In one strange sequence the girls go to a bar where they think they can discover the name of the dead body. The bartender vaguely remembers him and says he played video games—but not a "Switch" like the girls suggest. An old-fashioned arcade game. The girls discuss how maybe one of their moms may have played that kind of video game and the whole thing is coated in a nostalgia for a different era. It's as if Ponsoldt and Percy wanted to write about their own childhood, but couldn't sell a period piece. They never once demonstrate a real understanding or curiosity for it is like being a child now, amidst all our technology and turmoil.
From here, the film oscillates from clichéd coming-of-age style dialogue and situation to psychological horror as the girls begin to hallucinate the man's face everywhere they look. Ponsoldt is not able to mesh these tones well at all, with each jump scare telegraphed a mile away and landing with a thud. Eventually, the girls begin to doubt they ever did really find a body; their certainty fades like the summer heat. This could have worked as a metaphor for the way so many memories from childhood become fuzzy, straddling the line between reality and our own mythology.

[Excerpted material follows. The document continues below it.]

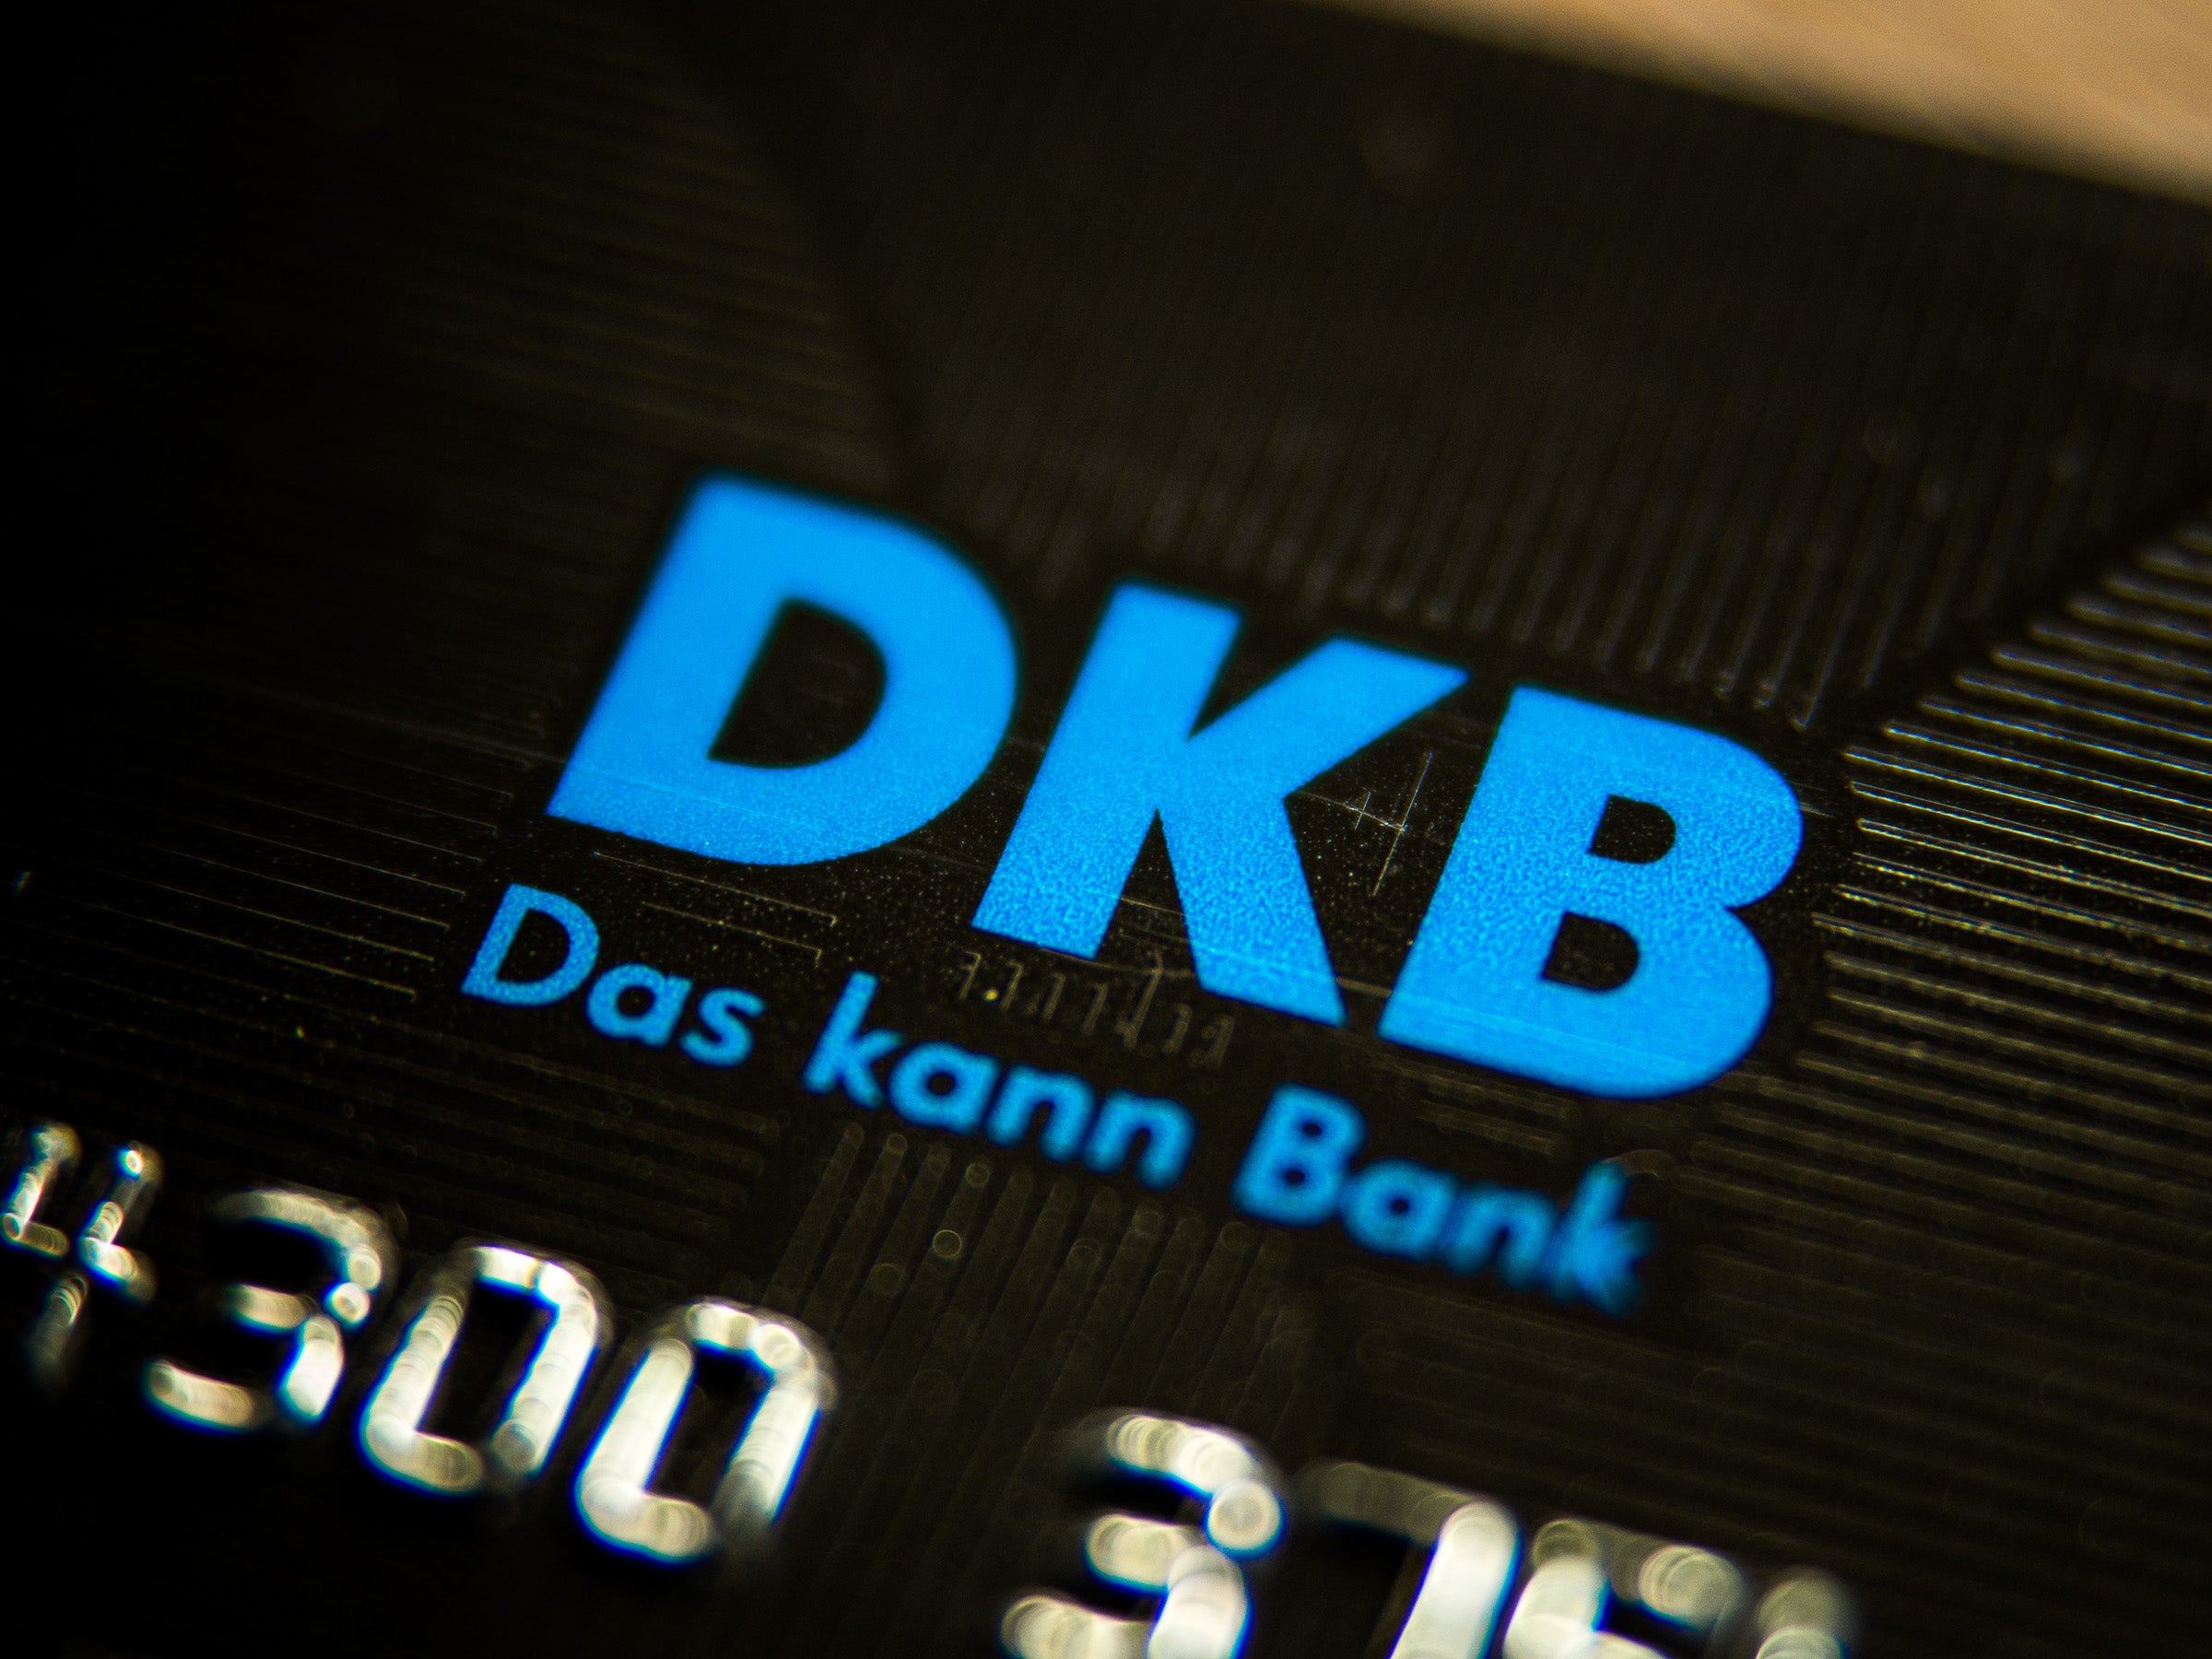 #DKB führt neue Gebühr ein: Jetzt müssen alle Kunden zahlen

Yet because there are so many scenes that make it clear they did indeed find this body, the metaphor collapses in on itself. One such scene is one of the most completely miscalculated scenes in a film all year. After Dina finds its location on the dark web (yes, these pre-teens can apparently surf the dark web), Daisy shoots open the storage shed where the man must have been living. No one questions why Daisy has a handgun in her backpack. The storage shed has all its lights on and a black-and-white television plays in the background. Where is the electricity coming from? Why would a houseless man leave all of these lights on? Absolutely nothing about this scene works.

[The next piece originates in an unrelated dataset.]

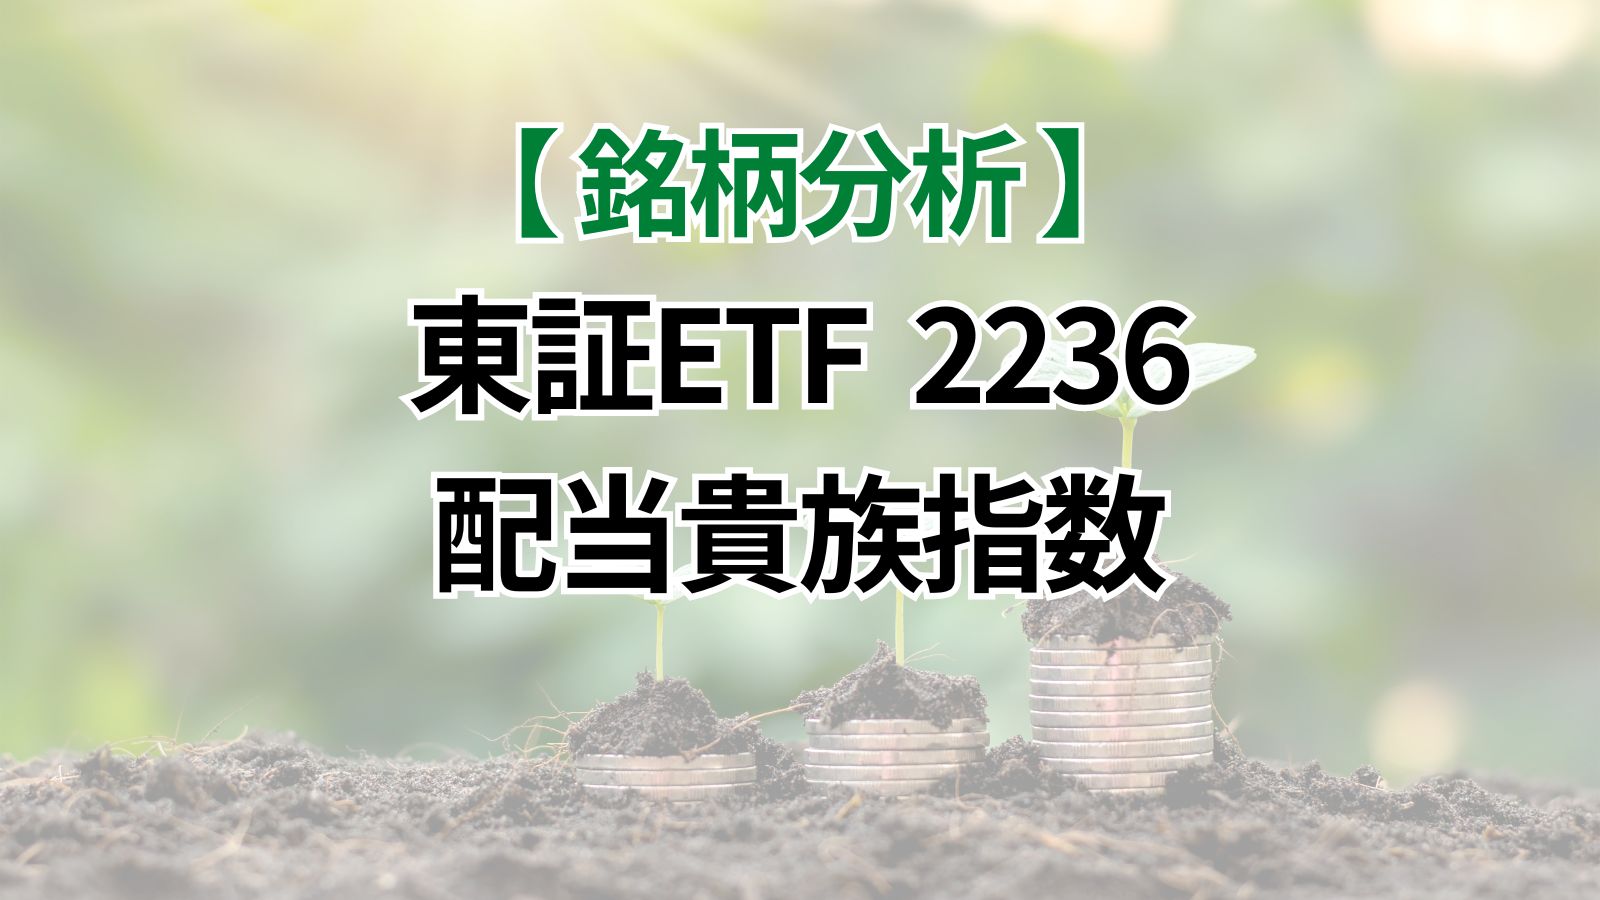 東証ETF2236配当貴族指数へ投資できる

Worst of all, "Summering" thinks we should be invested in these girls and their coming-of-age issues while they've left the body of a houseless individual to rot in the dirt because they don't want their mothers putting them in therapy? Because they want to go on an investigation together during the last three days of summer? The trip to see the dead body in "Stand By Me" has heft to it because they've heard it's a kid like them. They've all already endured hardships. They seek their own mortality in the body.
What do these girls see? Do they even see the humanity in this death? Children can be selfish, sure, but this selfish? It's hard to buy. At one point, we learn that Daisy's father has gone missing and no one is looking for him. Eventually we discover the truth, but only vaguely. It's handled in such a way that probably felt deep on the page, but in execution is undercooked (and overacted by Lake Bell and Dale McKeel as Daisy's parents).
As the film ends, with very little resolution and no consequences for their actions, the song "Seven" from Taylor Swift's Folklore plays. In the song, Swift sings from the point of view of a 30-year-old looking back at her inability to help her childhood best friend from parental abuse. It's a fitting needle drop in that it masks horrific details with beautiful music, just as the filmmakers mask horrific actions with beautiful cinematography. While Swift knows the story she's telling is horrifying, filtered through memory and years of guilt, there's no indication that the filmmakers of "Summering" understand just how reprehensible their narrative is. The nostalgia of Ponsoldt's film is curdled and rotten underneath its summery sheen.